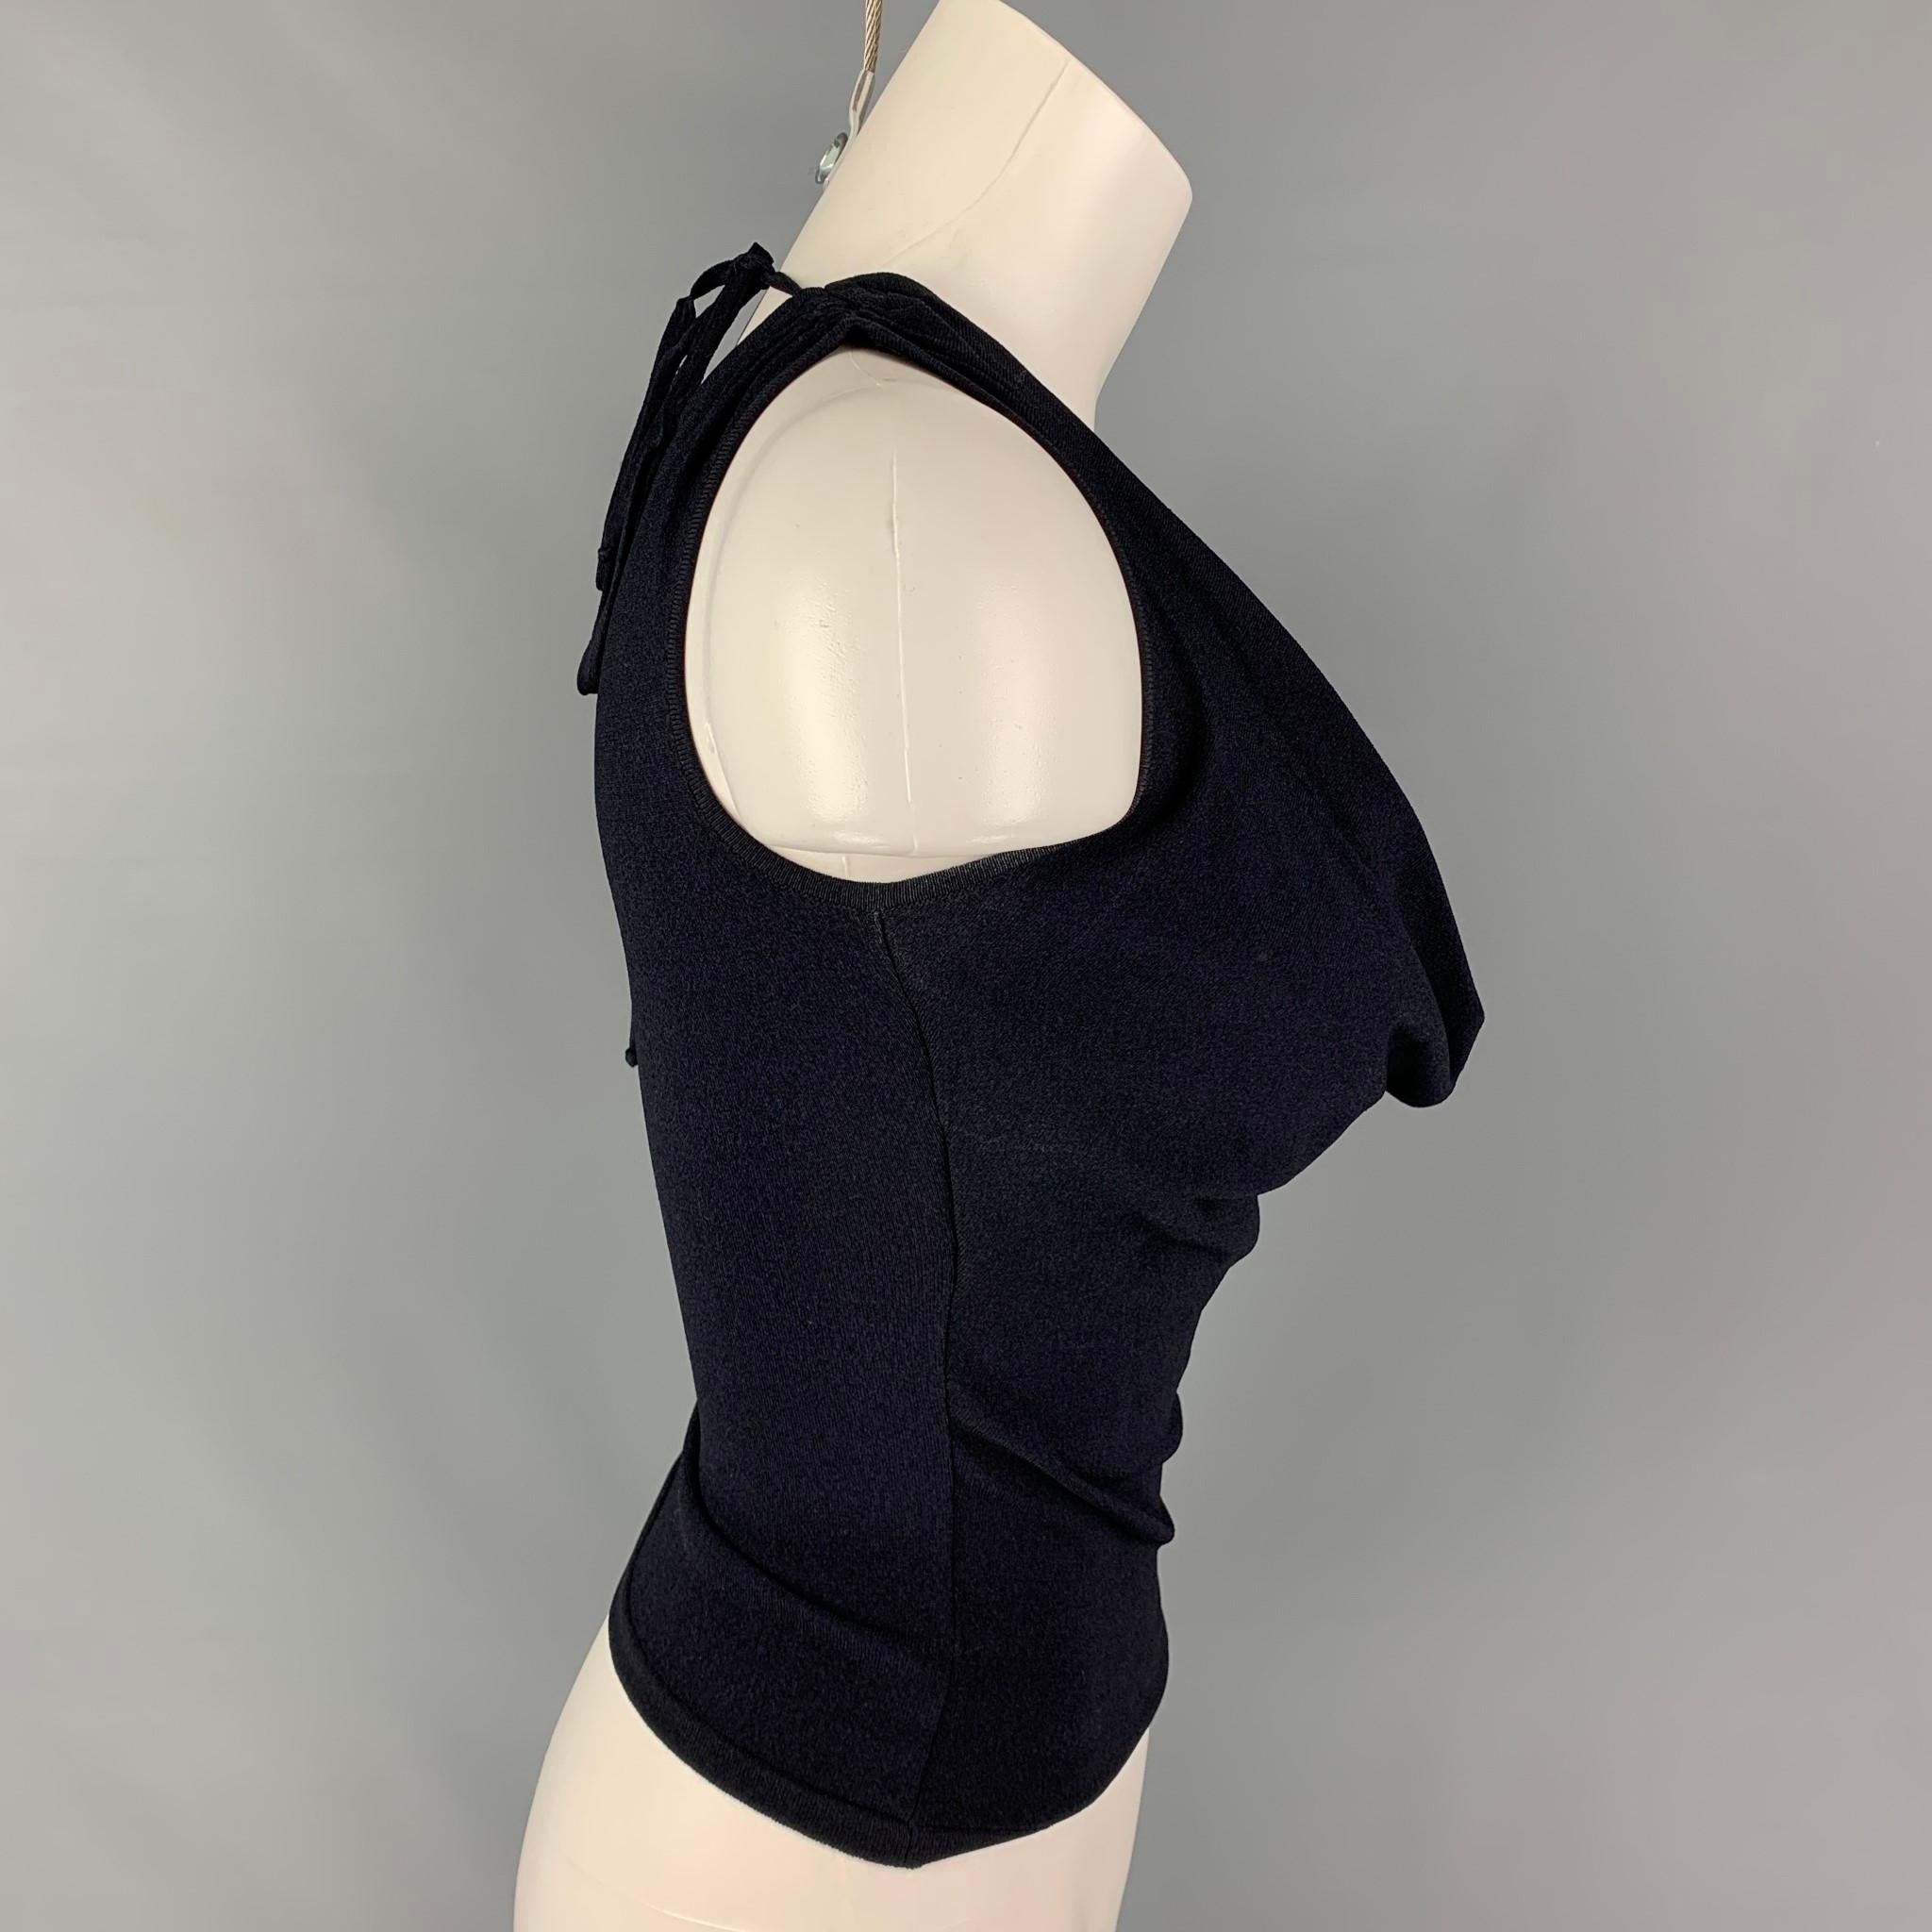 VALENTINO top comes in a navy viscose / polyester featuring a lace sequined panel, v-neck, sleeveless, and a back self tie detail.

Very Good Pre-Owned Condition.
Marked: S

Measurements:

Shoulder: 12.5 in.
Bust: 28 in.
Length: 16.5 in.
========================================
Brief: An exact repetition of all the records above is required, excluding the pictures.

Solution to the problem:
 VALENTINO top comes in a navy viscose / polyester featuring a lace sequined panel, v-neck, sleeveless, and a back self tie detail.

Very Good Pre-Owned Condition.
Marked: S

Measurements:

Shoulder: 12.5 in.
Bust: 28 in.
Length: 16.5 in.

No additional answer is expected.